The subpopulations were measured by flow cytometry, using a FacScan analyzer and mouse monoclonal antibodies (Table I) from Becton Dickinson (Mountain View, California). The relative number of monocytes, total T-cells, total B-cells, helper T- cells, and cytotoxic/«suppressor» T-cells was measured. The sum of the results for the first three populations were considered as the total amount of classifiable cells, and the results for all the subpopulations were expressed as a percentage of that sum.
TABLE I: Monoclonal antibodies used for identification of subpopulations of mononuclear cells
Antibody Subpopulation CD14(Anti-Leu-M3)FITC' Monocytes CD3 (Anti-Leu-4) FITC Total T-cells CD8 (Anti-Leu-2a) FITC Cytotoxic/"suppressor" T-cells CD4 (Anti-Leu-3a) FITC Helper/inducer T-cells CD 19 (Anti-Leu-12) FITC Total B-cells
1: FITC = Fluorescein isothiocyanate
Mitogenic stimulation of MNC was performed for 72 hours with phytohemagglutinin (PHA), concanavalin A (Con A), and pokeweed mitogen (PWM). During the last 18 hours the cultures were pulsed with 3H-thymidine, and the amount of incorporated thymidine was measured in a [3-scintillator.

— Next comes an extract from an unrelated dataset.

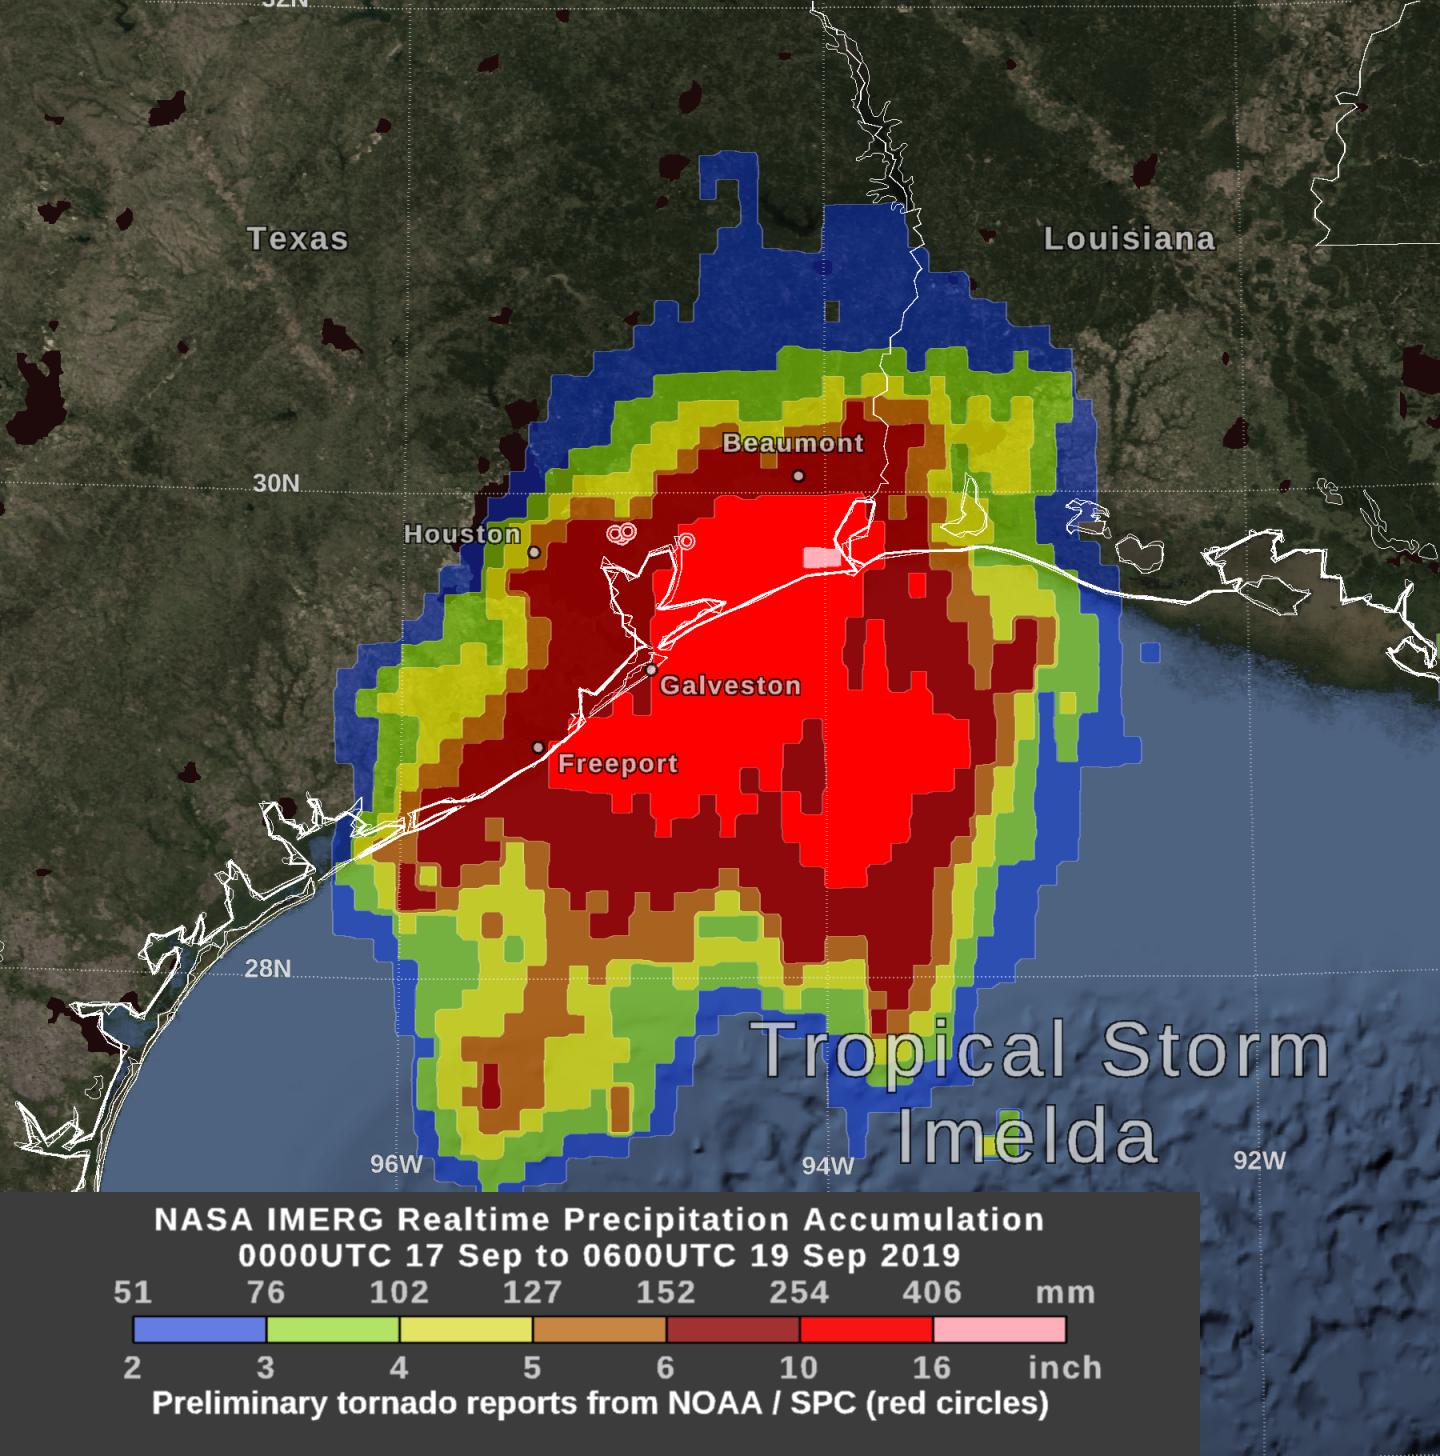 IMERG Data on Rainfall from Imelda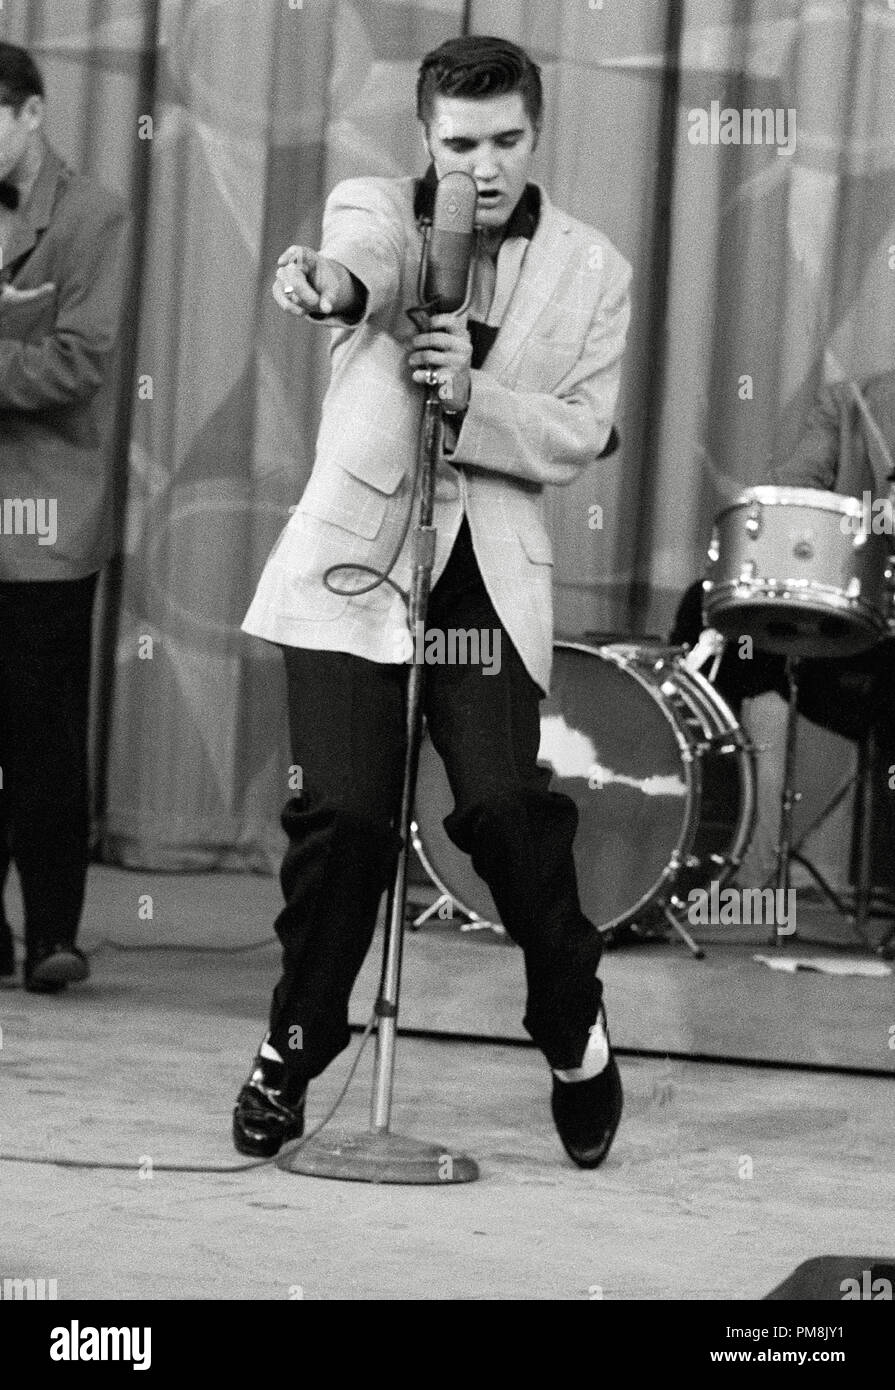 (Archivística Cine Clásico - Elvis Presley retrospectiva) Elvis Presley, 1956. Archivo de referencia # 31616 062tha Foto de stock

The results were expressed as the stimulatory index (SI) - i.e. cpm in culture with mitogen / cpm in culture without mitogen.
Quantification of immunoglobulin classes and complement factors in serum
IgG, IgA, IgM, and the complement factors C3 and C4 were quantified with use of a 3 nephelometer and antisera from Behringwerke AG (Marburg, Germany).
Antiantibodv testing in serum
For screening for antinuclear antibodies (ANA), sera were tested by indirect immunofluorescence technique, using the human HEp-2 cell line as substrate and a FITC-conjugated rabbit anti-IgG antiserum from DAKO A/S (Glostrup, Denmark). Positive sera were further tested for anti-ds (double stranded) DNA antibodies by indirect immunofluorescence technique with Crithidia luciliae as substrate, and for antibodies to extractable nuclear antigens (ENA) with double diffusion technique.
Waaler-Rose test for rheumatoid factor (RF) was performed by passive hemagglutination technique, using human erythrocytes coated with rabbit IgG antibodies. Latex RF test was done with a commercial kit (NA Latex, Behringwerke AG, Marburg, Germany). This assay was based on nephelometry, using polystyrene particles coated with human IgG.
Antibodies to gastric parietal cells, smooth muscle, mitochondriae, glomerulus basal membrane, adrenal cortex cells and neutrophil cytoplasmic antigen (ANCA) were tested by routine indirect immunofluorescence tests with FITC-labelled anti-IgG or anti- F(ab')2 antisera from DAKO A/S (Glostrup, Denmark). Antibodies to thyroglobulin and microsomal thyroid antigen (thyroid peroxidase) were tested by passive hemagglutination technique, using kits from Murex (Dartford, England), whereas anti-ss (single stranded) DNA was tested by ELISA technique.
Controls
Testing of 80 healthy blood donors was performed to establish reference values (2.5 and 97.5 percentiles) for the immunoglobulin and complement quantifications and cut-offs (5%) for the autoantibody testings.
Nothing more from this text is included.